Dataset extract |

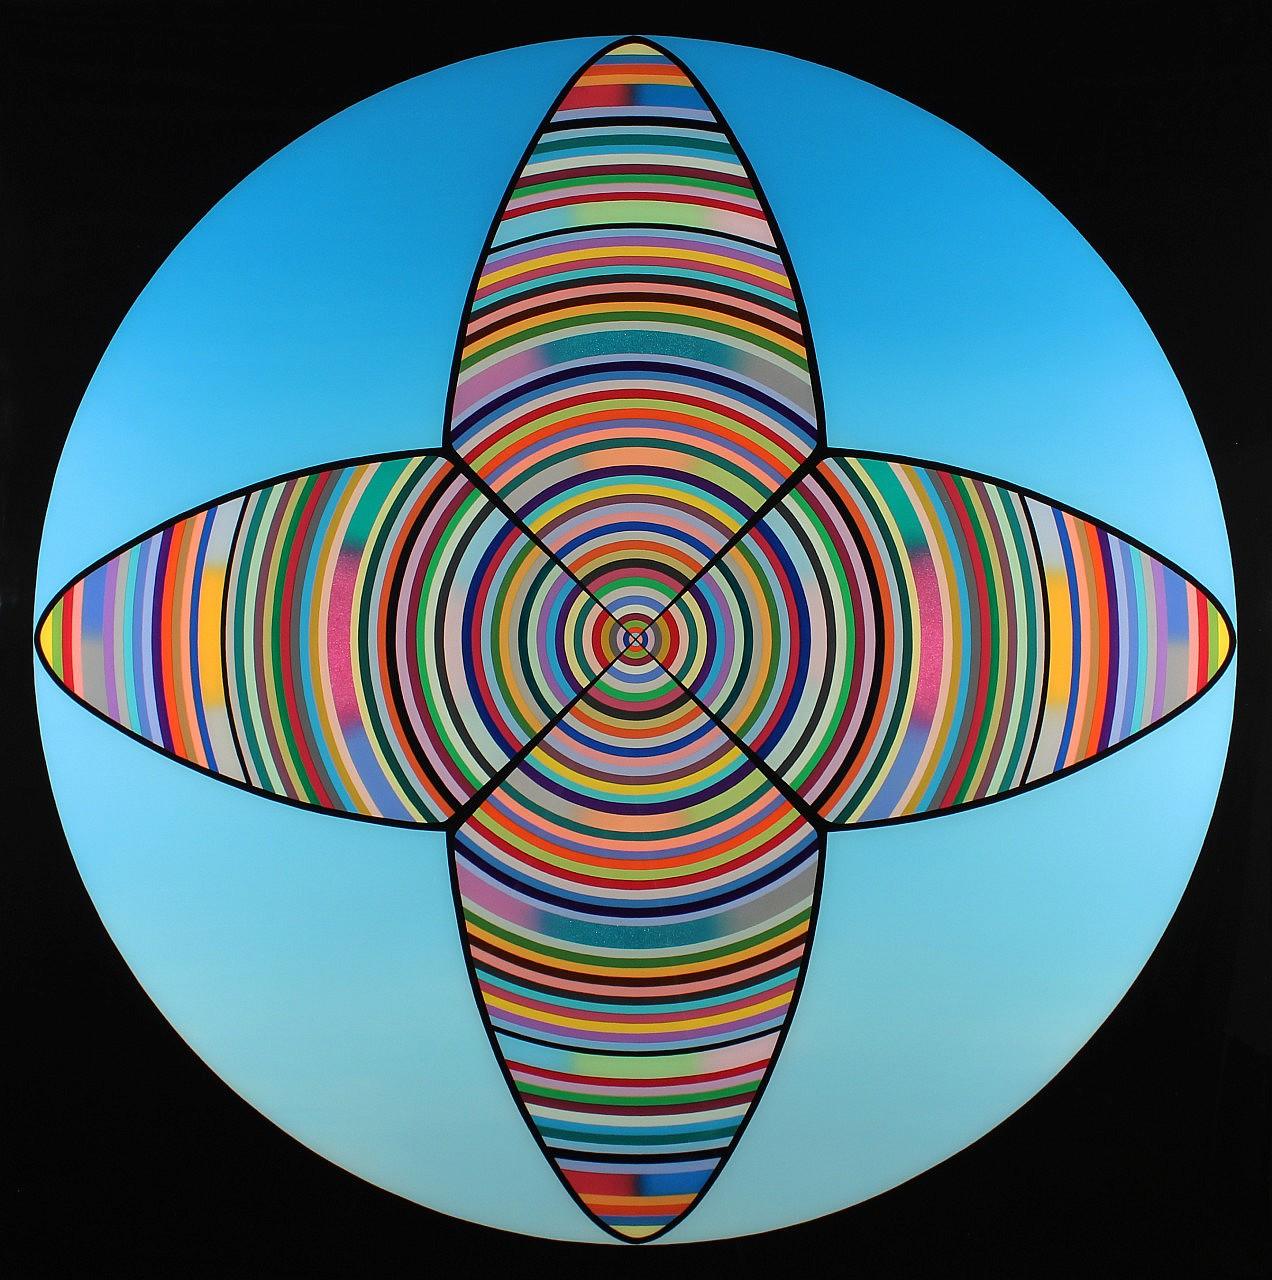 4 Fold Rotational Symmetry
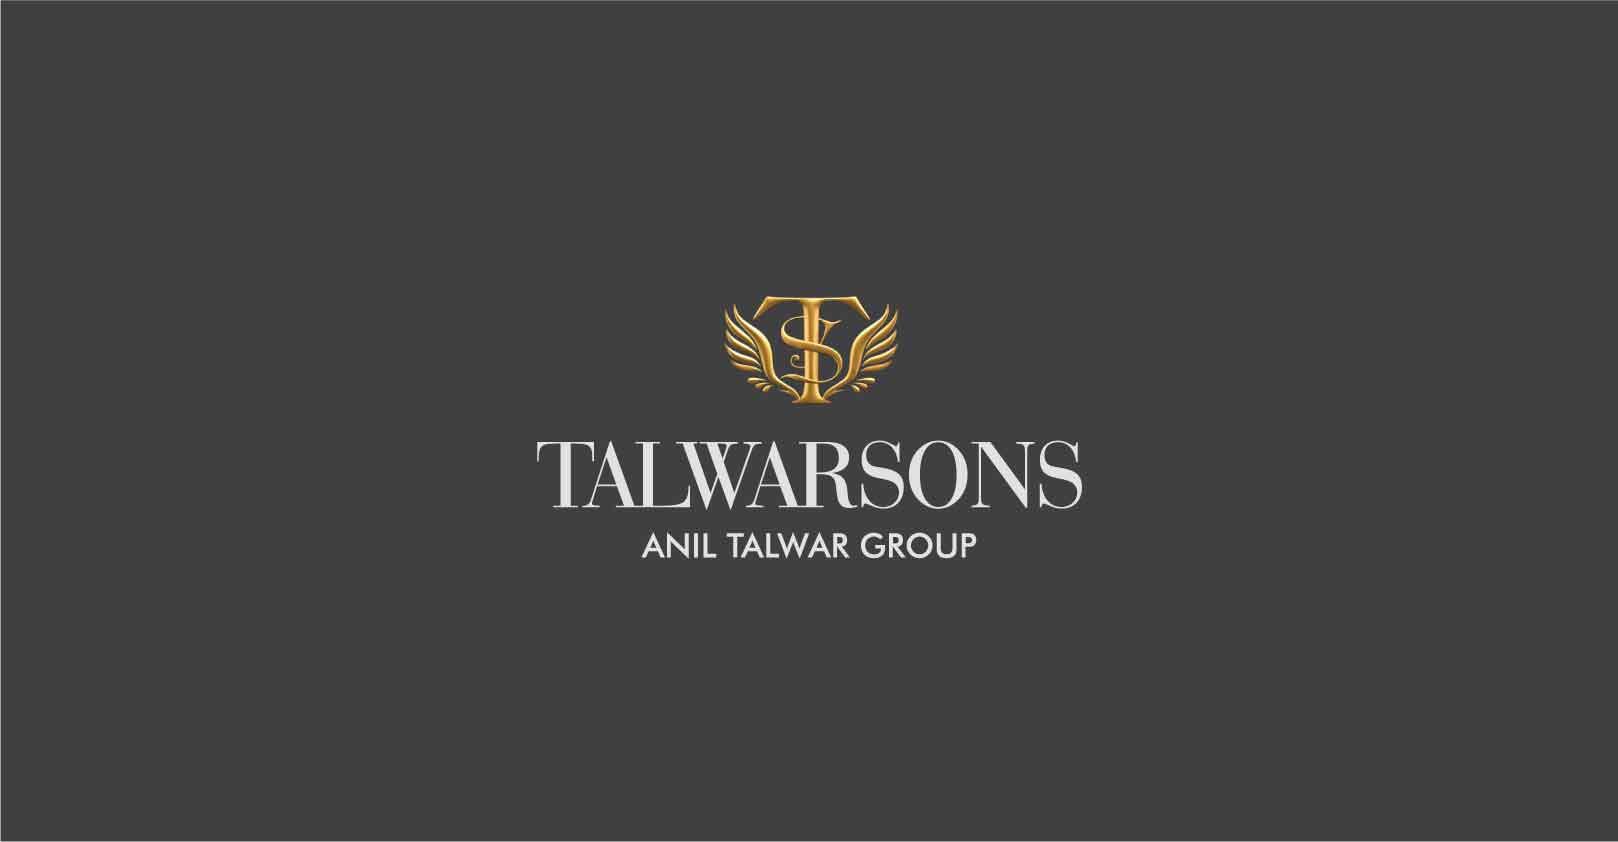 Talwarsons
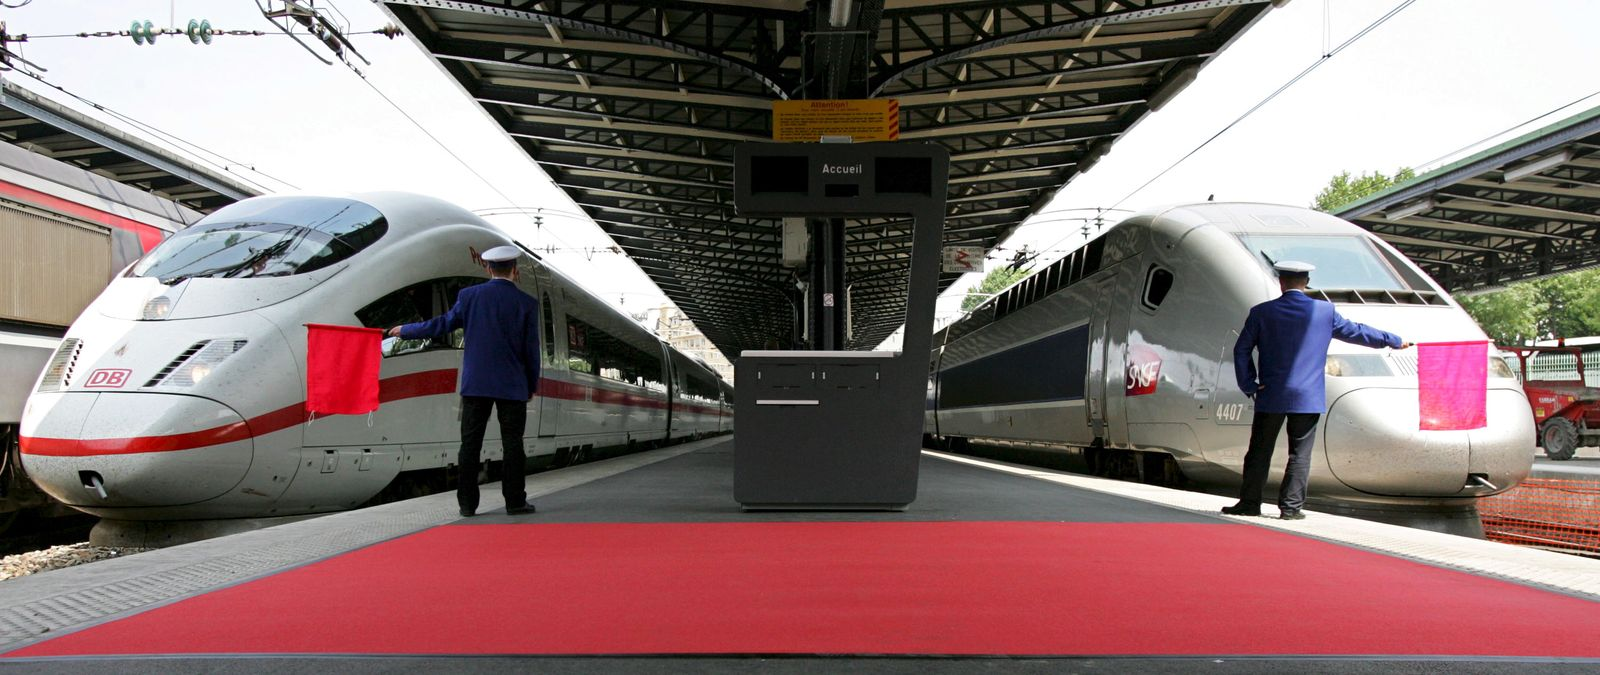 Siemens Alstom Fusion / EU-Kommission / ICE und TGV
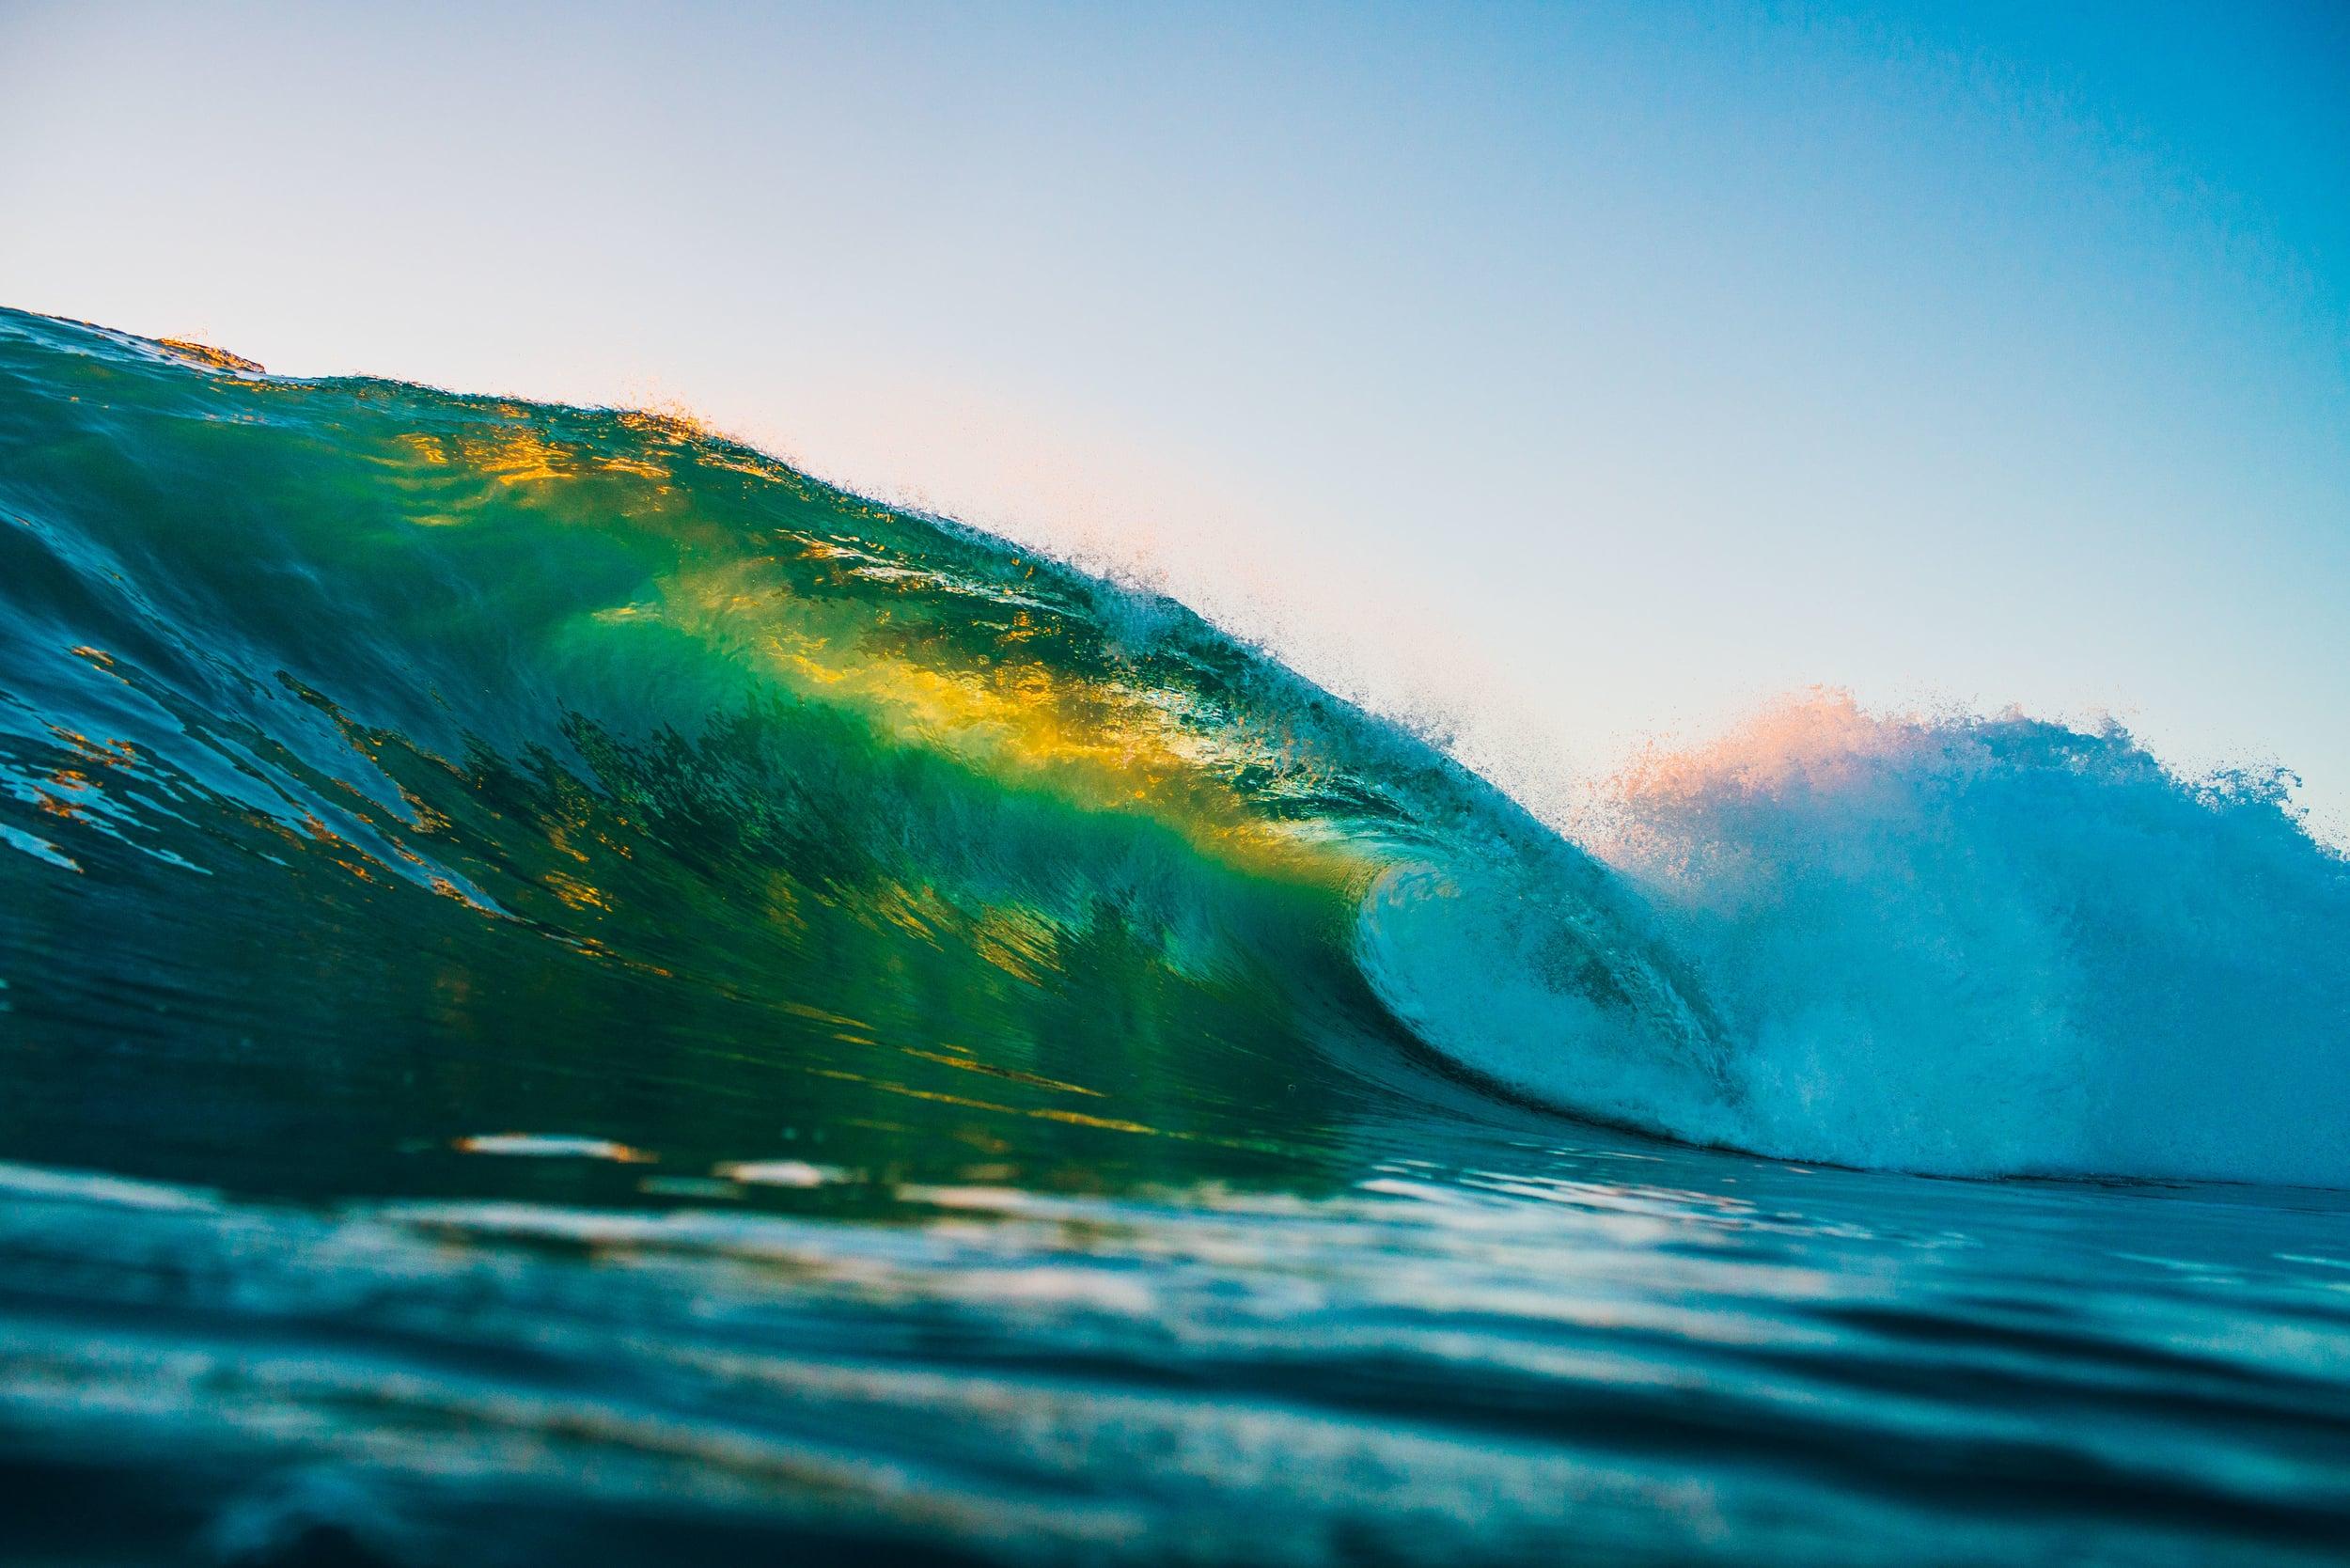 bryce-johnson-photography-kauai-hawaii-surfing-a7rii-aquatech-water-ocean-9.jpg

Task to complete | Where the line containing "Siemens Alstom Fusion" appears, begin writing out the lines word for word, and continue through the last line of the data, leaving out pictures.

Result of the task |
 Siemens Alstom Fusion / EU-Kommission / ICE und TGV
 bryce-johnson-photography-kauai-hawaii-surfing-a7rii-aquatech-water-ocean-9.jpg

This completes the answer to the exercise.